Article title: Introduction to Linux process programming (2 ). Linux is a technology channel of the IT lab in China. Includes basic categories such as desktop applications, Linux system management, kernel research, embedded systems, and open source.
Abstract: This section describes some basic operations on a process. through this section, we will learn how to generate a sub-process, how the process changes its execution image, and synchronization of parent and child processes. We also learned some basic concepts of parallel programs and how to compile simple parallel programs.

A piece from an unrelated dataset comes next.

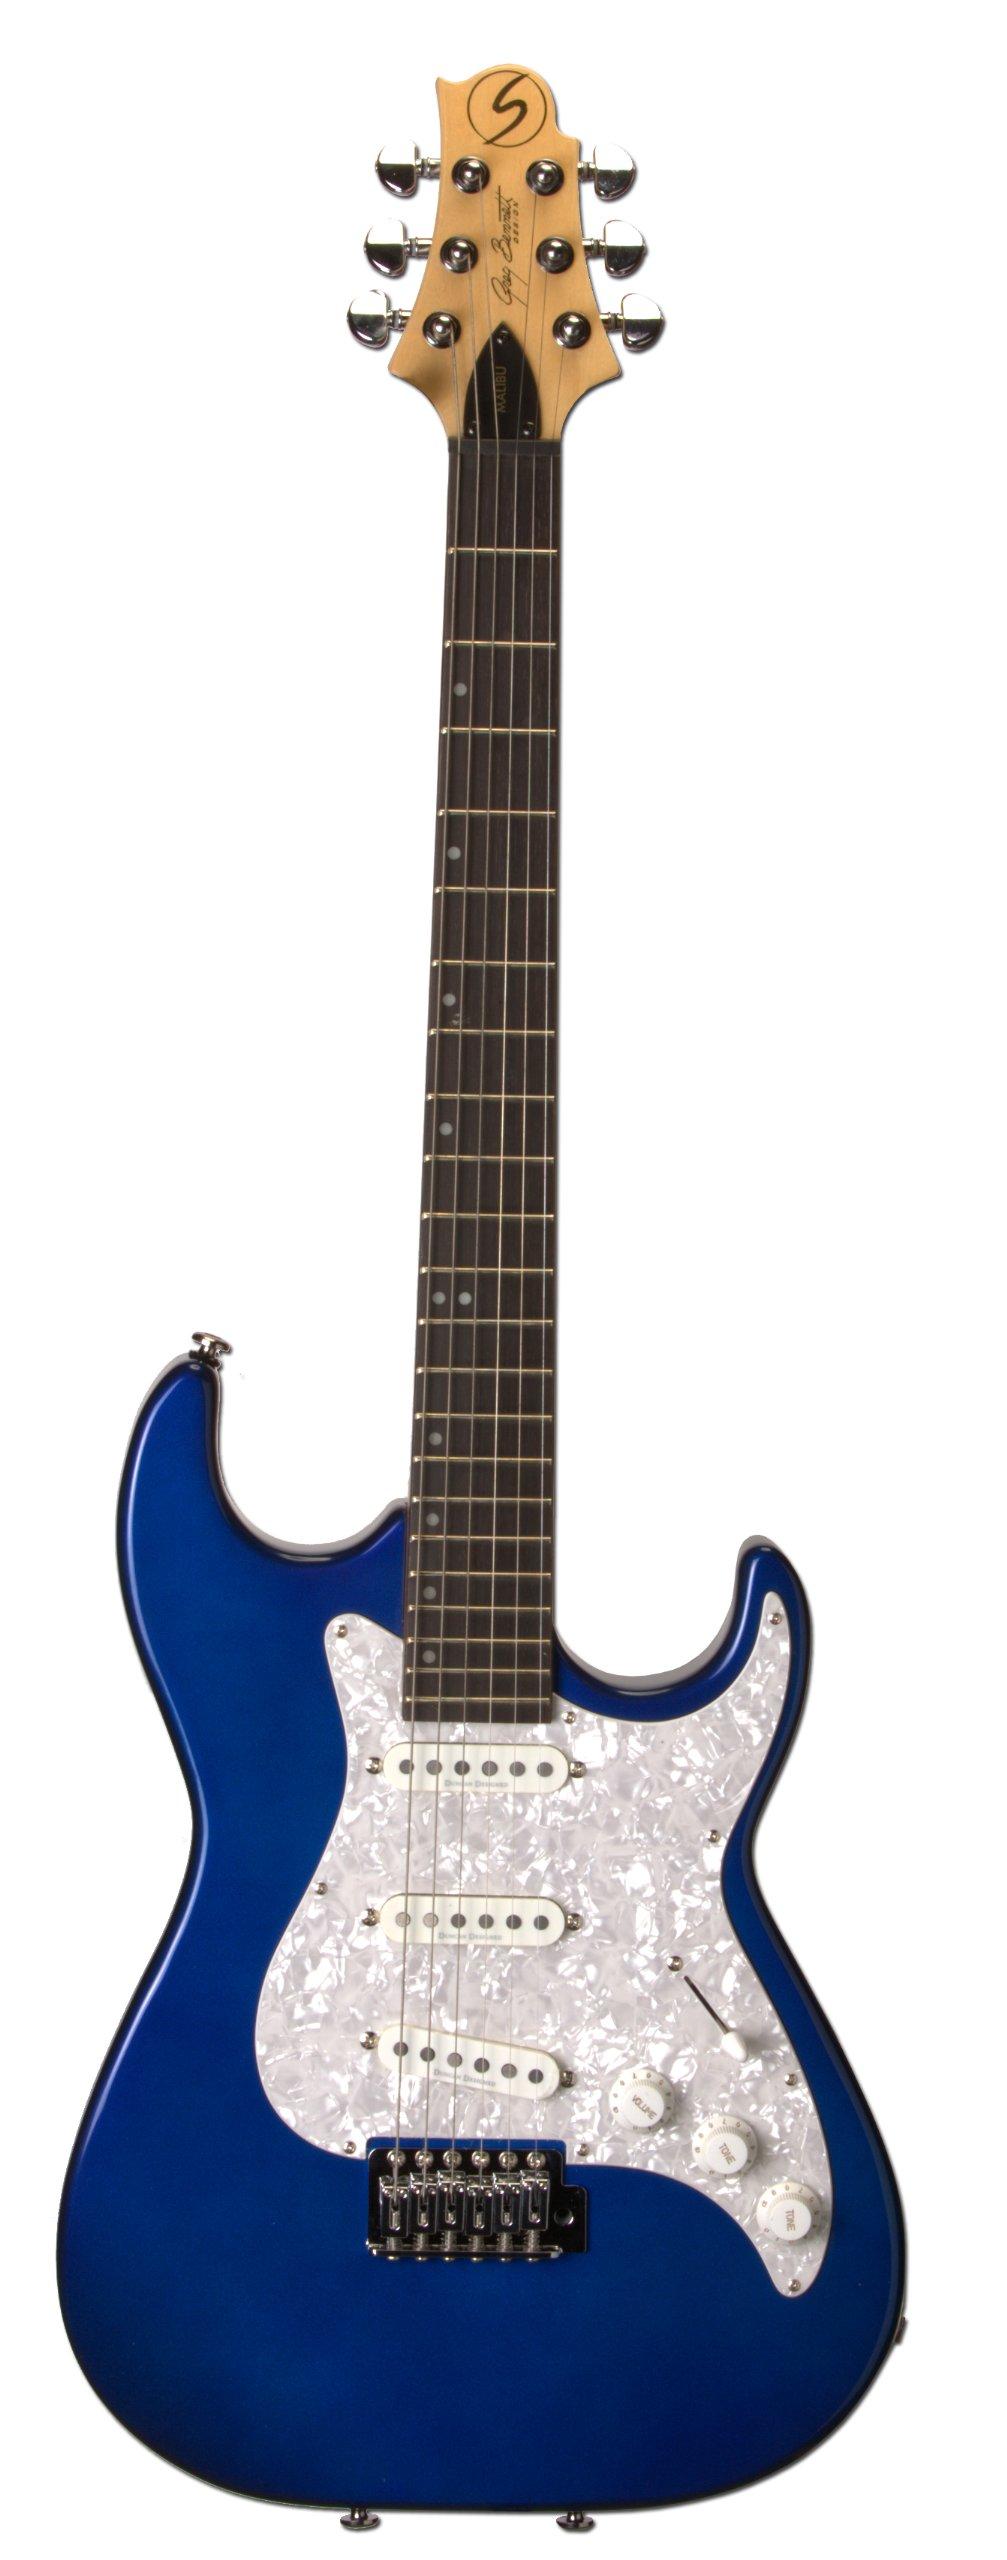 Cheap Samick Greg Bennett Design MB30 Electric Guitar Midnight Blue Metallic Black Friday & Cyber Monday 2019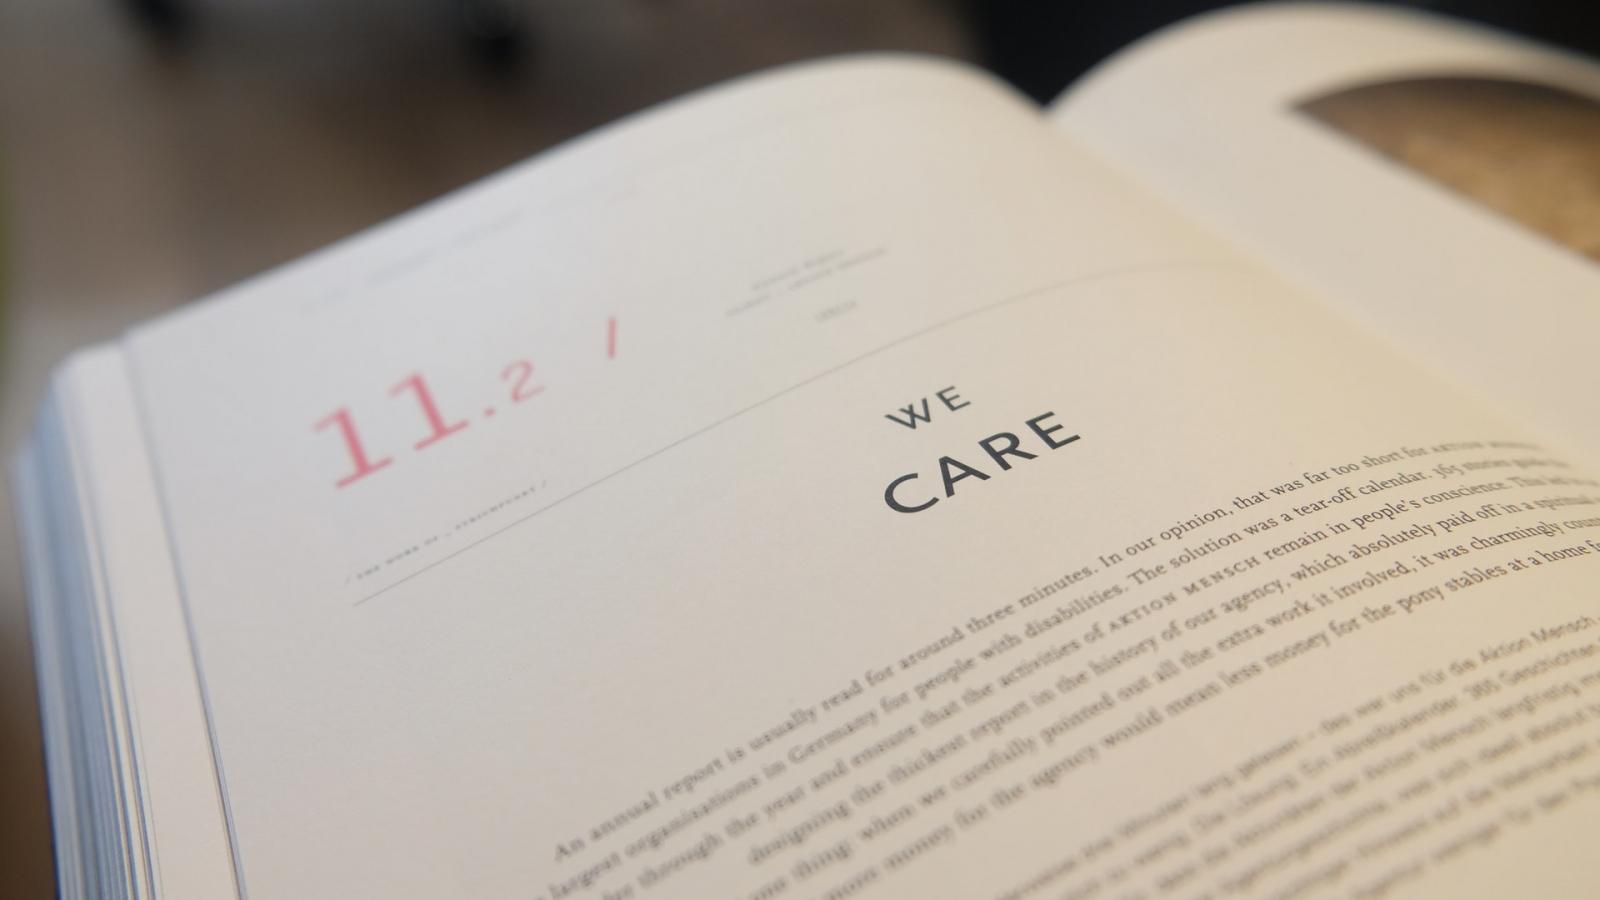 mortgage loan process - we care

2. general process operations
The previous section introduces some basic concepts about processes. starting from this section, we will introduce some examples to illustrate the system calls of related processes. This section describes some basic operations on a process. through this section, we will learn how to generate a sub-process, how the process changes its execution image, and synchronization of parent and child processes. We also learned some basic concepts of parallel programs and how to compile simple parallel programs.
2.1 fork system call
Fork is used to create a sub-process. The creation process is described in the previous section. Now, we will introduce a system call to vfork, which is generated because it realizes that the performance can be improved by not copying all pages of the parent process when creating a child process. This call assumes that exec will be called immediately after vfork is called, so that you do not need to copy all the page tables of the parent process. Because it does not copy the page table, it is faster than the fork call. In some systems, fork also uses other methods to improve performance. a typical method is to add "copy at Write Time ". In this fork call, when a child process is generated, the child process does not copy all pages of the parent process, but copies all pages of the parent process at write time. The child process shares all pages of the parent process. When a parent or child process writes a page, a protective error occurs and the page is copied. This not only improves the kernel performance, but also improves memory utilization.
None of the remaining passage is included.